The city’s voice: Smart cities and social media
Tuning into citizens’ concerns
How can you know what someone thinks, wants and feels? The answer is simple: listen to them.
But what happens when it’s a whole city full of people? Listening becomes harder. And it’s clear that city leaders are not hearing what their communities have to say. Recent research shows that in the U.S., two-thirds of citizens do not feel their voices are listened to by the governments who make decisions about their local and national societies. When citizens don’t feel heard, they disengage – and cities lose an important resource for positive social impact. We must find a way to tune into the thoughts and feelings of city residents. The only way to build engaged communities from frustrated citizens is by listening to them.

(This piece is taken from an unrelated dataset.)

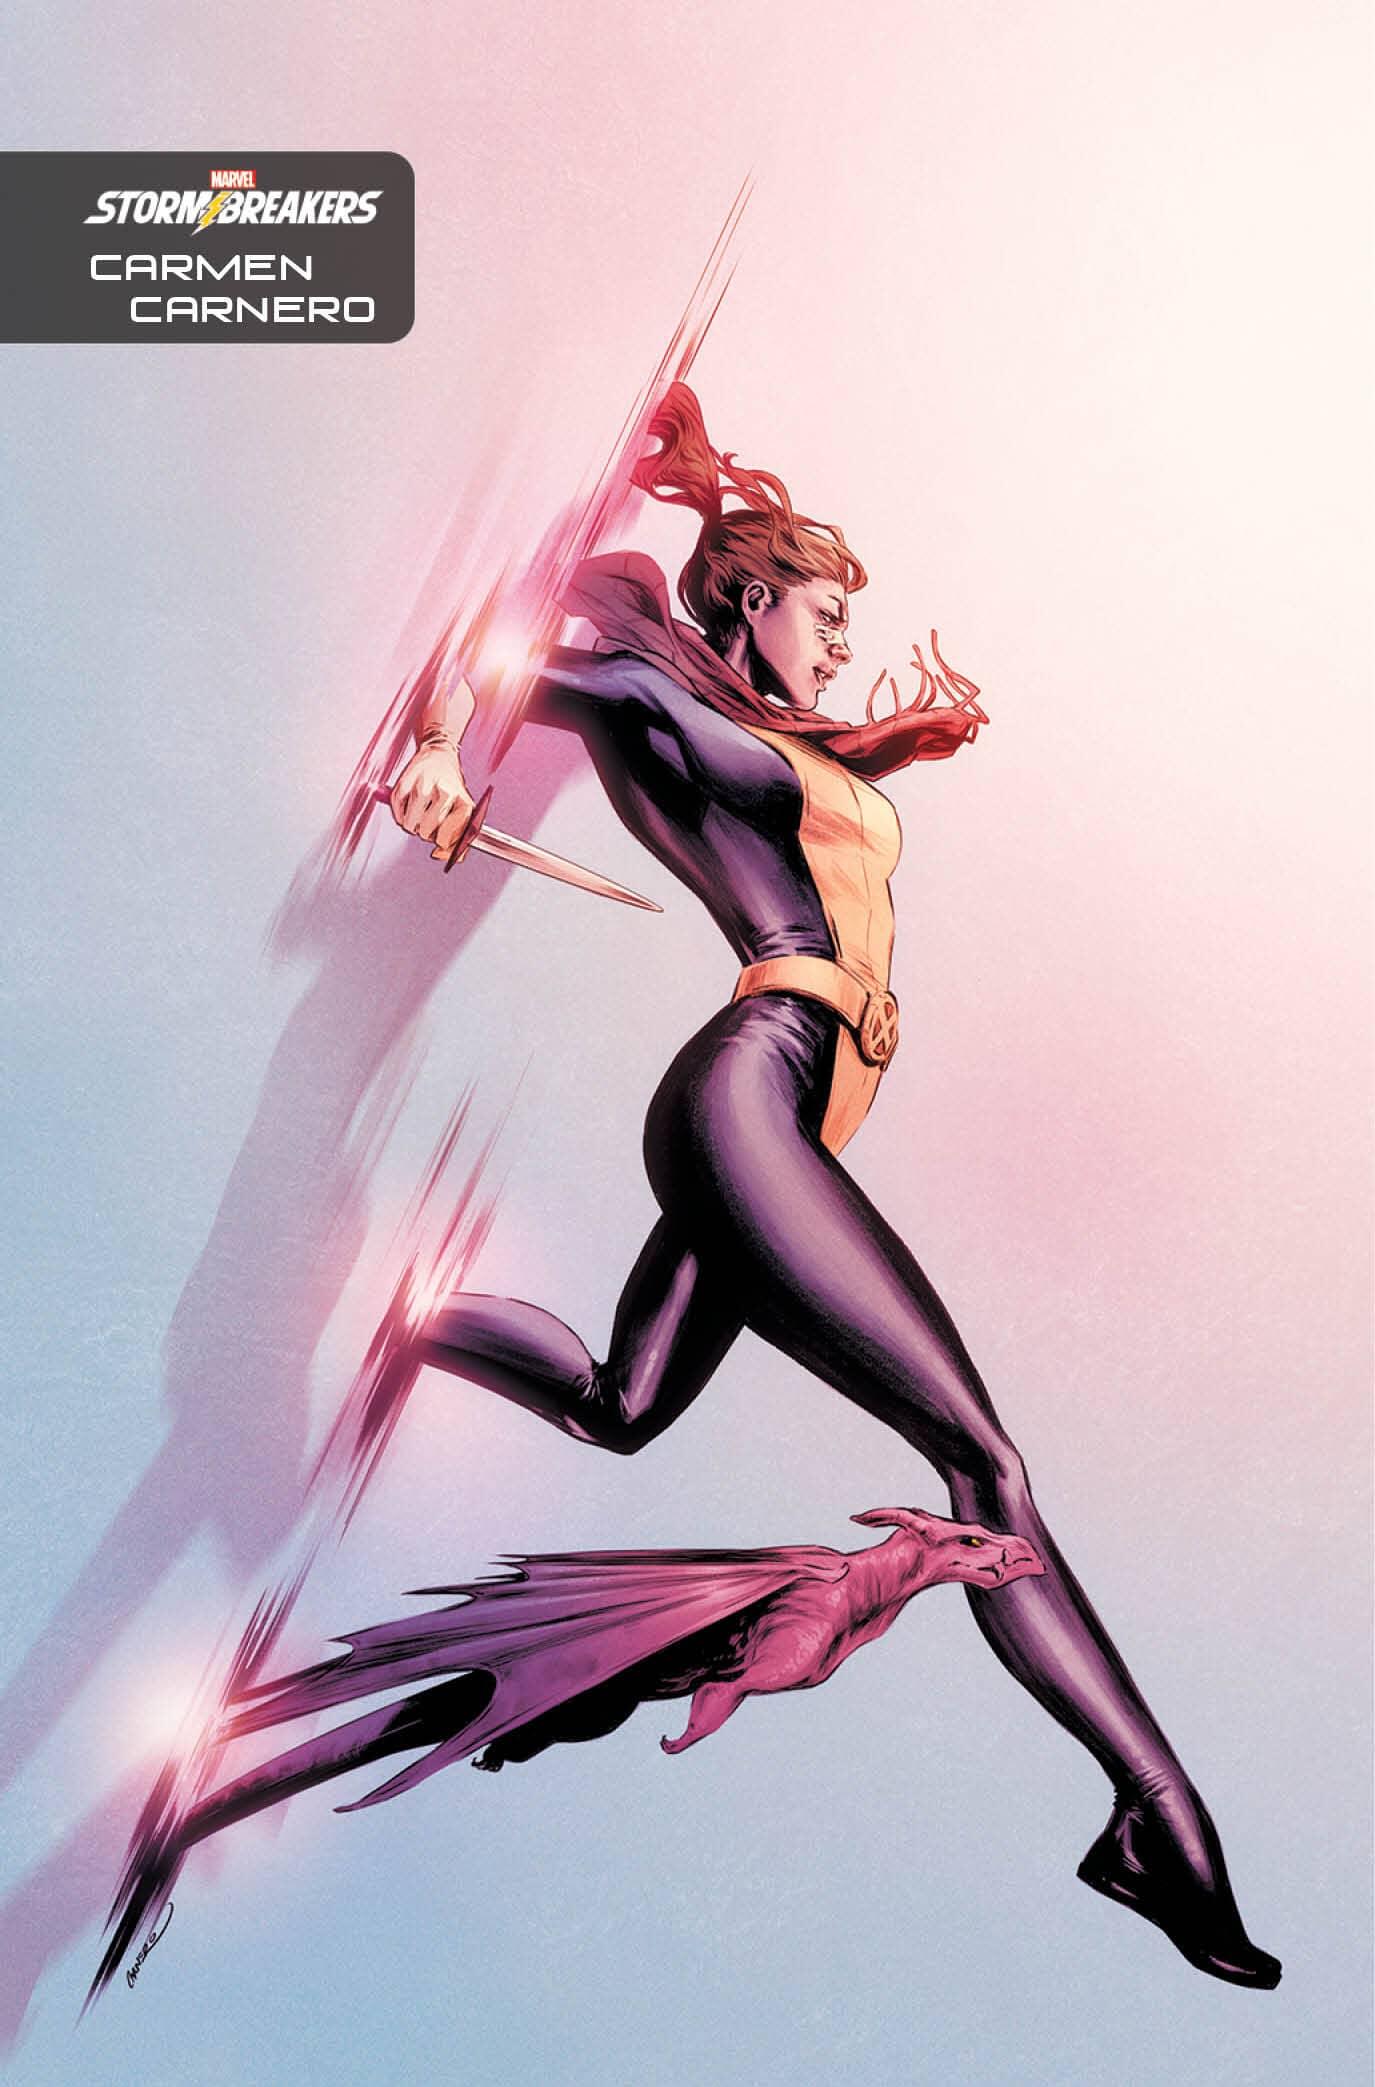 X-Men #15 Stormbreakers variant cover by Carmen Carnero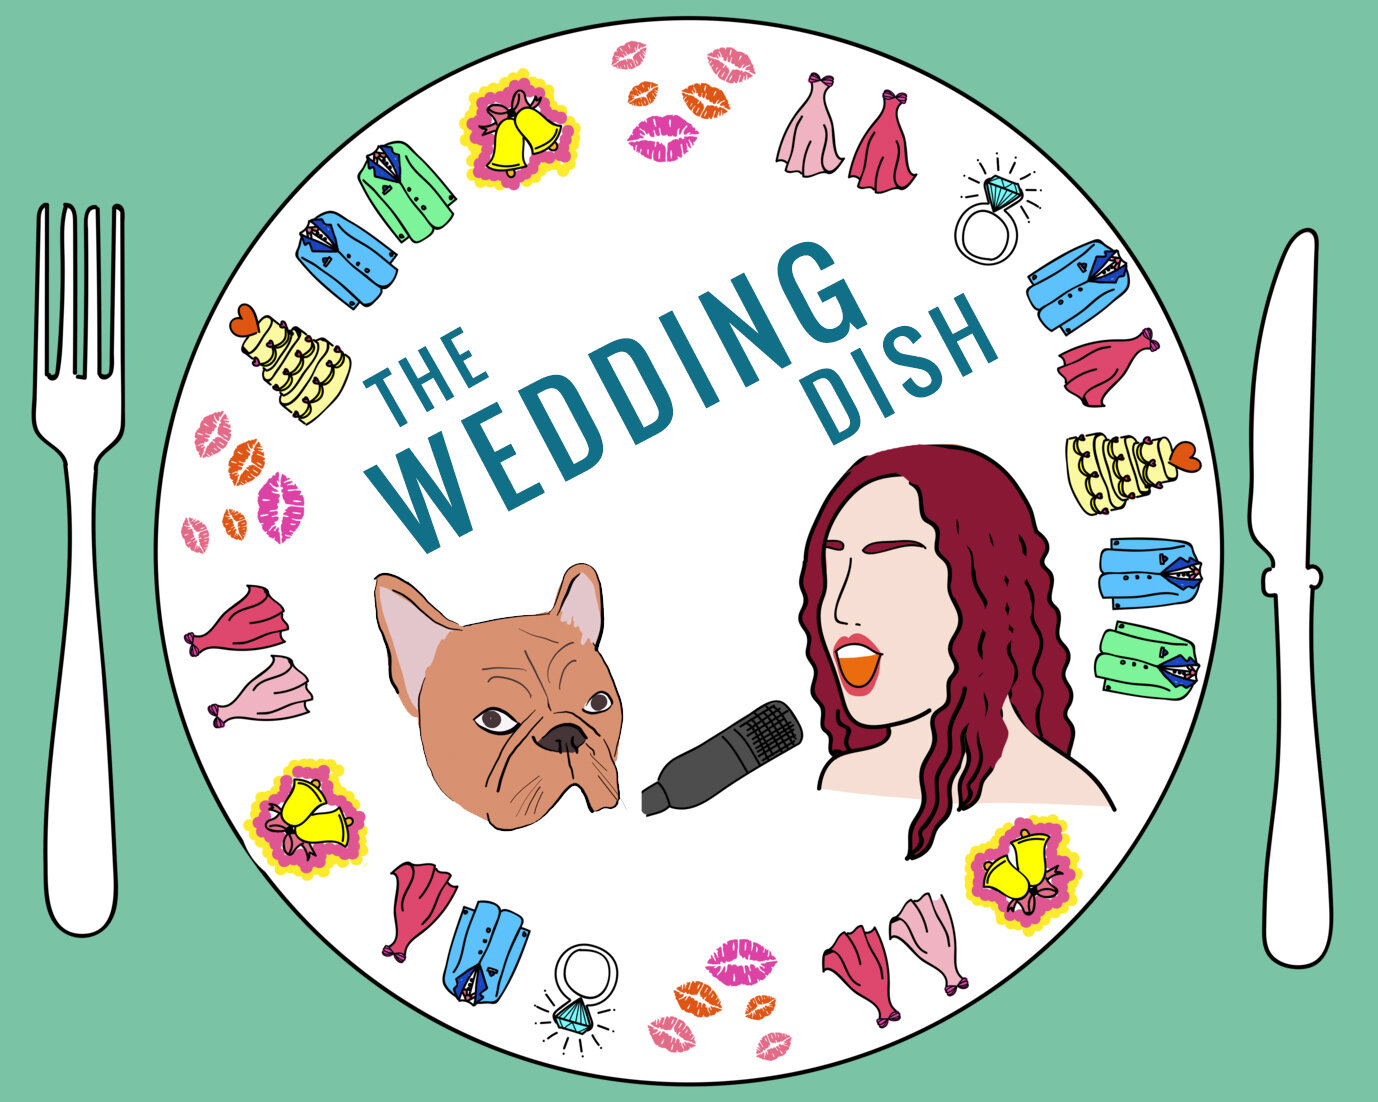 The Wedding Dish

While a single voice may not have much impact, collectively, citizens can enact meaningful change. Individual voices can be transformed into feasible solutions. At Social Coin, we’ve spoken before about how cities should view their citizens as “ground agents”. This is because urban residents hold valuable insights from the front lines. They live and actively participate in their communities, and truly understand their inner workings. Citizens perceive key issues in their neighborhoods, and have ideas about how to solve them. Citizens’ insights are a goldmine of data, that organizations can use to make their cities smarter.
A real sense of the city
So how can we listen? At Smart City World Expo 2016, Hugo Zaragoza claimed that “social media is the best sensor network of your city”. citibeats agrees.
As part of daily life, people share their social preoccupations on public platforms, from Facebook and Twitter to personal blogs, local news pages and big news websites. And studies from New York University and the University of Vermont now show that people may be more honest online than in person. That means looking at unfiltered social media can tell us what citizens really think.
In the words of Stephen Goldsmith, “cities can produce great value from social media, but only if they start talking a little bit less about themselves and start listening more to their residents”.
Turning huge amounts of social media “natural language” into relevant, easily understandable insights is a big challenge. It requires tools intelligent enough to filter, categorize and analyze this data – and make sure that the correct data is processed to begin with. Algorithms must be able to tell the difference between a Tweet about Cambridge, England and Cambridge, Massachussetts. They need to interpret whether a Facebook user who posts about their local recycling plant is complaining or praising the service.
At Citibeats, we have been working to create the smart social dashboard that smart cities need. The Citibeats dashboard uses sophisticated artificial intelligence -AI- to create an intelligent, dynamic visual map of citizens’ concerns, which changes as issues get resolved and new ones emerge. The technology is able to create comprehensive reports, and generate comparisons across different areas, time periods, user types and sentiments.
With Citibeats, leaders can easily listen to their communities and identify the most urgent social issues in their area.